I really appreciate the basic vibe of this post. In particular, I think it’s great to have a distinction between wizard power and king power, and to note that king power is often fake, and that lots of people are very tempted (including by insidious social pressure) to focus on gunning for king power without being sufficiently thoughtful about whether they’re actually achieving what they wanted. And I think that for a lot of people, it’s an underrated strategy to focus hard on wizard power (especially when you’re young). E.g. I spent a lot of my twenties learning computer science and science, and I think this was quite helpful for me.
A big theme of Redwood Research’s work is the question “If you are in charge of deploying a powerful AI and you have limited resources (e.g. cash, manpower, acceptable service degradation) to mitigate misalignment risks, how should you spend your resources?”. (E.g. see here.) This is in contrast to e.g. thinking about what safety measures are most in the Overton window, or which ones are easiest to explain. I think it’s healthy to spend a lot of your time thinking about techniques that are objectively better, because it is less tied up in social realities. That attitude reminds me of your post.
I share your desire to know about all those things you talk about. One of my friends has huge amounts of “wizard power”, and I find this extremely charming/impressive/attractive. I would personally enjoy the LessWrong community more if the people here knew more of this stuff.
I’m very skeptical that focusing on wizard power is universally the right strategy; I’m even more skeptical that learning the random stuff you list in this post is typically a good strategy for people. For example, I think that it would be clearly bad for my effect on existential safety for me to redirect a bunch of my time towards learning about the things you described (making vaccines, using CAD software, etc), because those topics aren’t as relevant to the main strategies that I’m interested in for mitigating existential risk.
You write “And if one wants a cure for aging, or weekend trips to the moon, or tiny genetically-engineered dragons… then the bottleneck is wizard power, not king power.” I think this is true in a collective sense—these problems require technological advancement—but it is absurd to say that the best way to improve the probability of getting to those things is to try to personally learn all of the scientific fields relevant to making those advancements happen. At the very least, surely there should be specialization! And beyond that, I think the biggest threat to eventual weekend trips to the moon is probably AI risk; on my beliefs, we should dedicate way more effort to mitigating AI risk than to tiny-dragon-R&D. Some people should try to have very general knowledge of these things, but IMO the main usecase for having such broad knowledge is helping with the prioritization between them, not contributing to any particular one of them!
I’m very skeptical that focusing on wizard power is universally the right strategy. For example, I think that it would be clearly bad for my effect on existential safety for me to redirect a bunch of my time towards learning about the things you described (making vaccines, using CAD software, etc)...

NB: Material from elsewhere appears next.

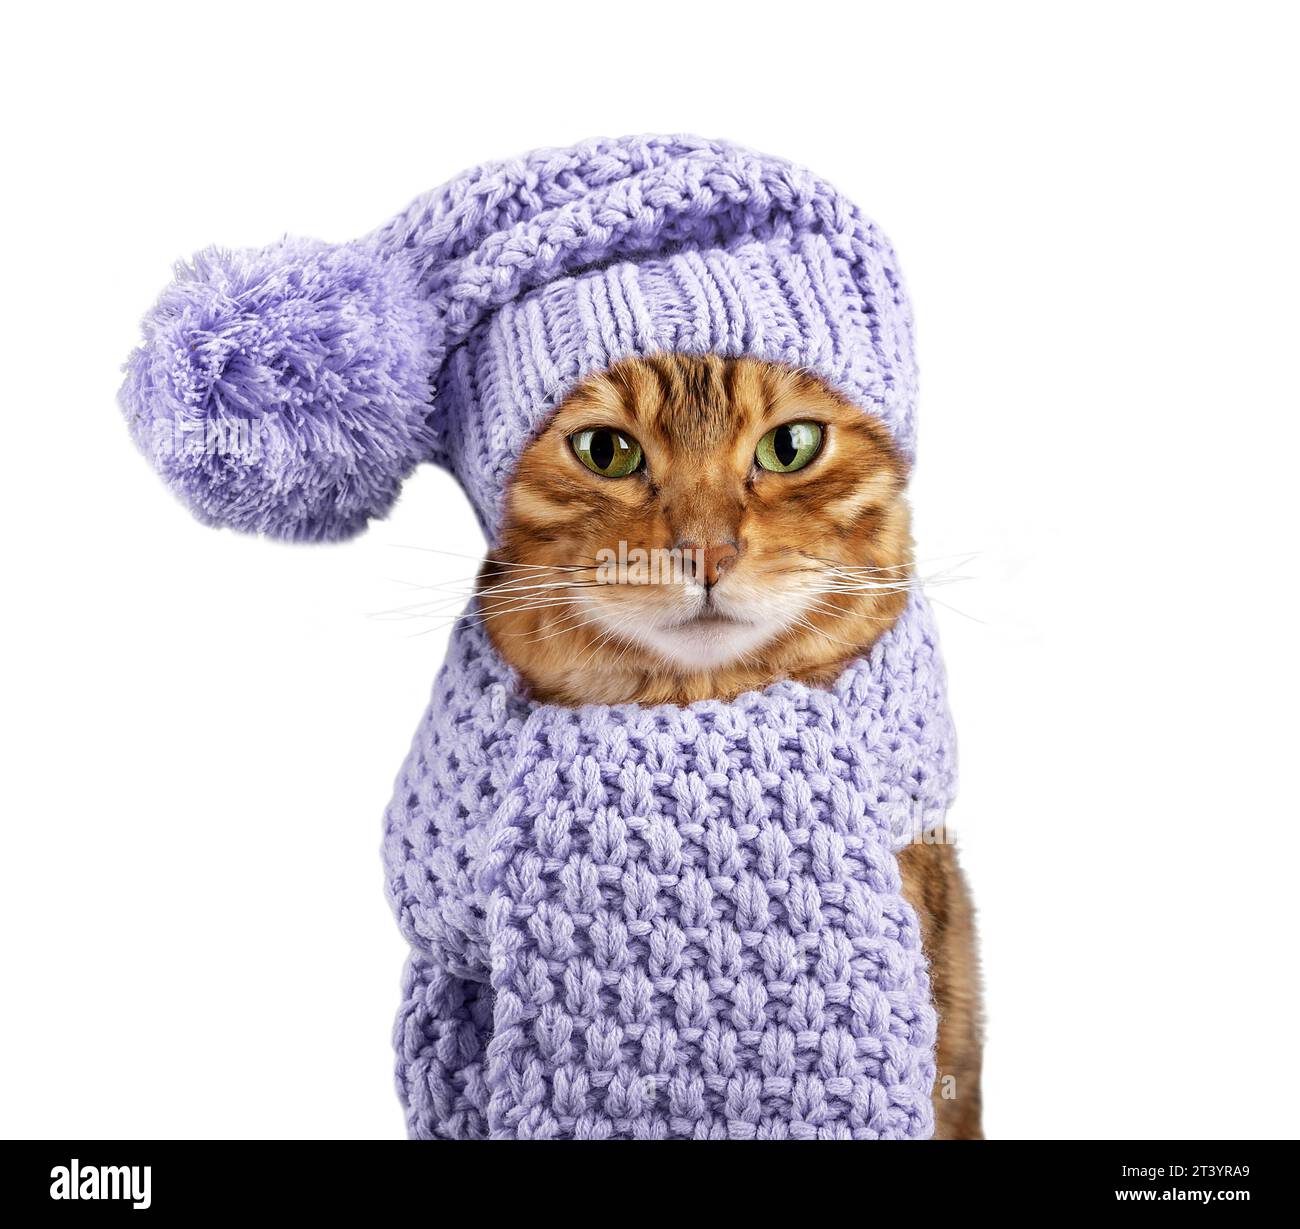 Bengal cat in a warm knitted hat and scarf on a white background. Cat in clothes isolated. Stock Photo

Fair as stated, but I do think you’d have more (positive) effect on existential safety if you focused more narrowly on wizard-power-esque approaches to the safety problem. In particular, outsourcing the bulk of alignment work (or a pivotal act, or...) to AI is a prototypical king-power strategy; it’s just using (king power over AI) in place of (king power over humans). And that strategy has the usual king-power problems—in particular, there’s a very high risk that one’s supposed king-power over the AI ends up being fake. Plus it has new king-power problems from AIs not thinking like humans—e.g. AI probably won’t be governed by dominance instincts to nearly the same degree as humans, so humans’ instincts about e.g. how employer-employee relationships work in practice will not carry over at all.
More wizard-power-esque directions include ambitious interp and agent foundations, but also less obvious things like “make a pivotal act happen without using an AI” (which is a very valuable thing to think through at least as an exercise), or “be bureauracy wizard and make some actually-effective regulations happen”, or whole brain emulation, or genetically engineering smarter humans.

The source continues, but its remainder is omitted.